On attribute inference...

Johannes Pfau via Digitalmars-d digitalmars-d at puremagic.com
Tue Apr 19 04:47:34 PDT 2016


Am Tue, 19 Apr 2016 01:57:21 -0700
schrieb Jonathan M Davis via Digitalmars-d
<digitalmars-d at puremagic.com>:

> I expect that hiding symbols which aren't public would certainly help
> a great deal in avoiding having a lot of unnecessary symbols in a
> compiled library, but it doesn't completely solve the problem. And
> when discussions on export have come up, some of the folks who are
> particularly knowledgeable on the subject have been _very_ much in
> favor of using export to restrict what is and isn't visible in the
> generated library rather than relying on public. They'll have to
> chime in to provide good details though. The main issue that I recall
> is the desire/need to reduce the number of symbols in order to make
> compiling/linking more efficient.
> 
> - Jonathan M Davis
> 

Not only compiling / linking: https://gcc.gnu.org/wiki/Visibility

* It very substantially improves load times of your DSO (Dynamic Shared
  Object). For example, a huge C++ template-based library which was
  tested (the TnFOX Boost.Python bindings library) now loads in eight
  seconds rather than over six minutes!

* It lets the optimiser produce better code. PLT indirections (when a
  function call or variable access must be looked up via the Global
  Offset Table such as in PIC code) can be completely avoided, thus
  substantially avoiding pipeline stalls on modern processors and thus
  much faster code. Furthermore when most of the symbols are bound
  locally, they can be safely elided (removed) completely through the
  entire DSO. This gives greater latitude especially to the inliner
  which no longer needs to keep an entry point around "just in case".

* It reduces the size of your DSO by 5-20%. ELF's exported symbol table
  format is quite a space hog, giving the complete mangled symbol name
  which with heavy template usage can average around 1000 bytes.

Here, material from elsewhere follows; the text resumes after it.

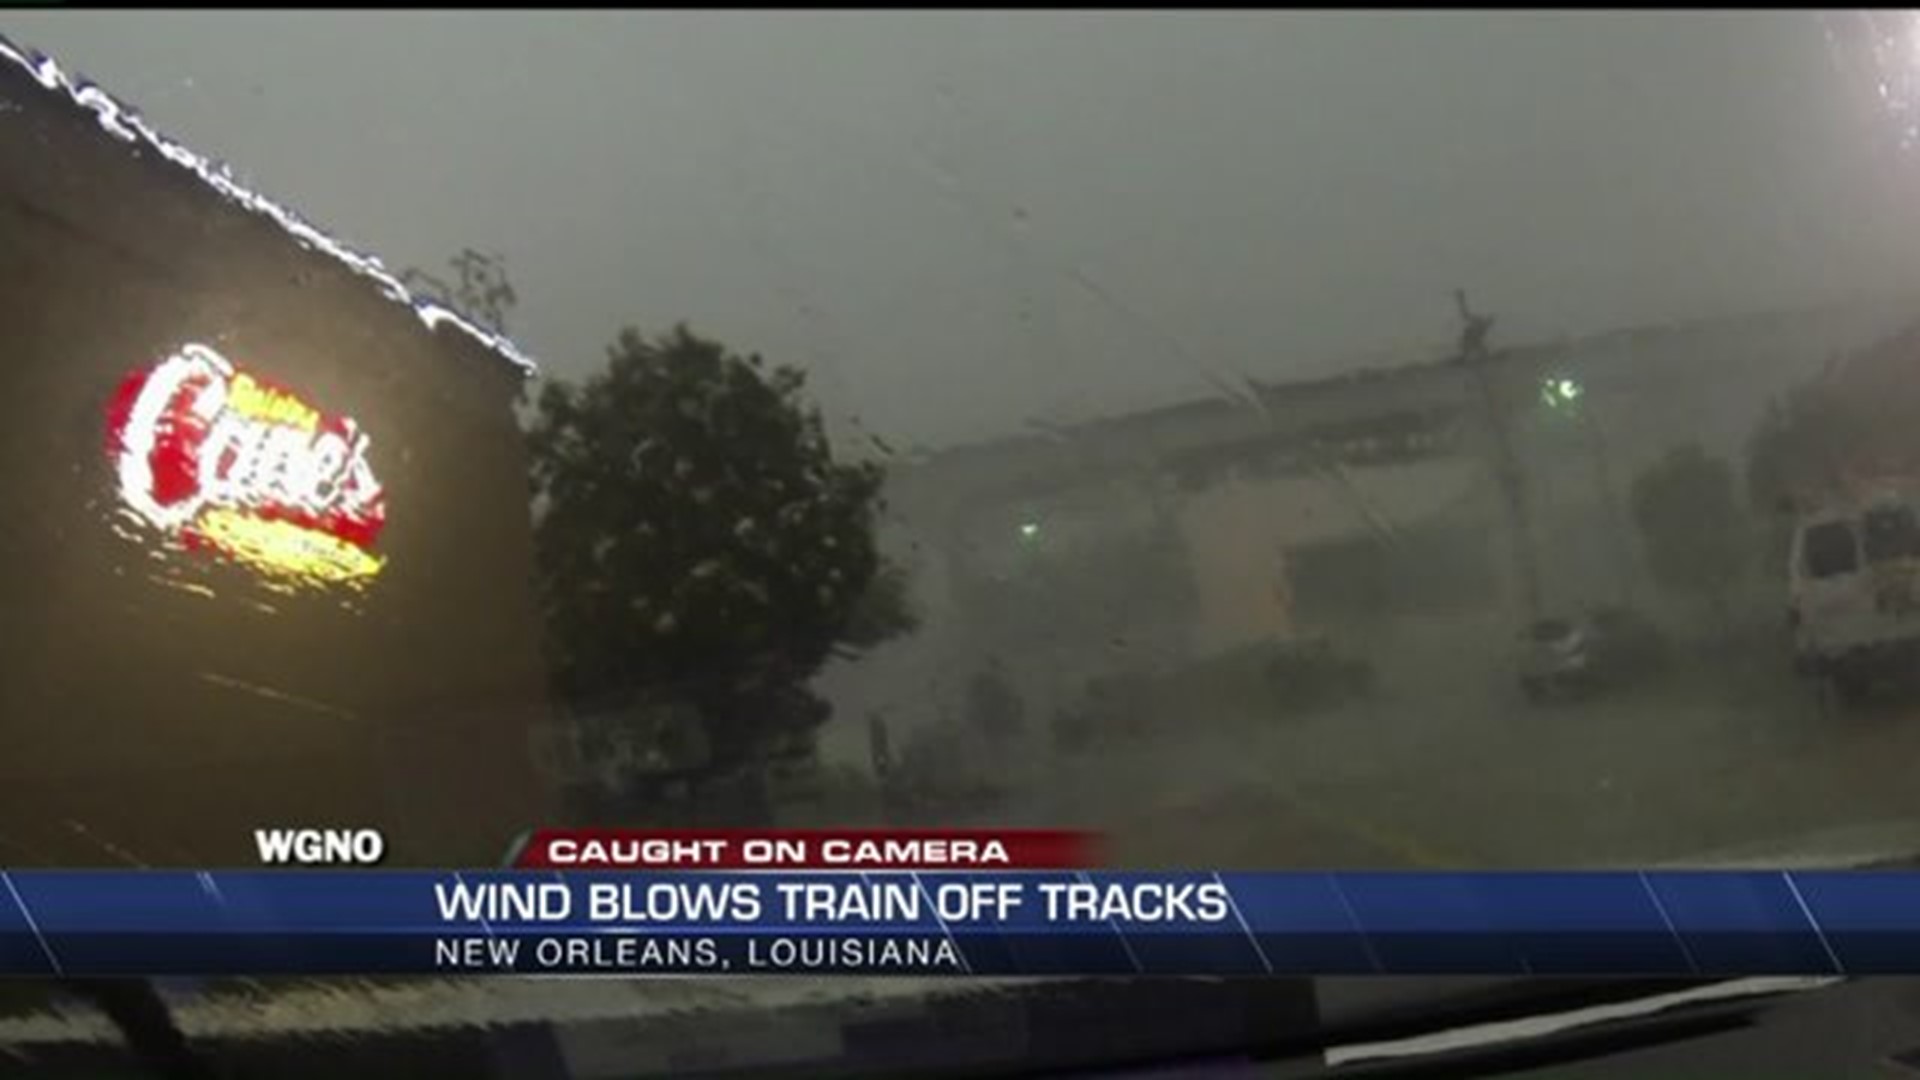 Wind blows train off tracks

C++
  templates spew out a huge amount of symbols and a typical C++ library
  can easily surpass 30,000 symbols which is around 5-6Mb! Therefore if
  you cut out the 60-80% of unnecessary symbols, your DSO can be
  megabytes smaller!

* Much lower chance of symbol collision. The old woe of two libraries
  internally using the same symbol for different things is finally
  behind us with this patch. Hallelujah!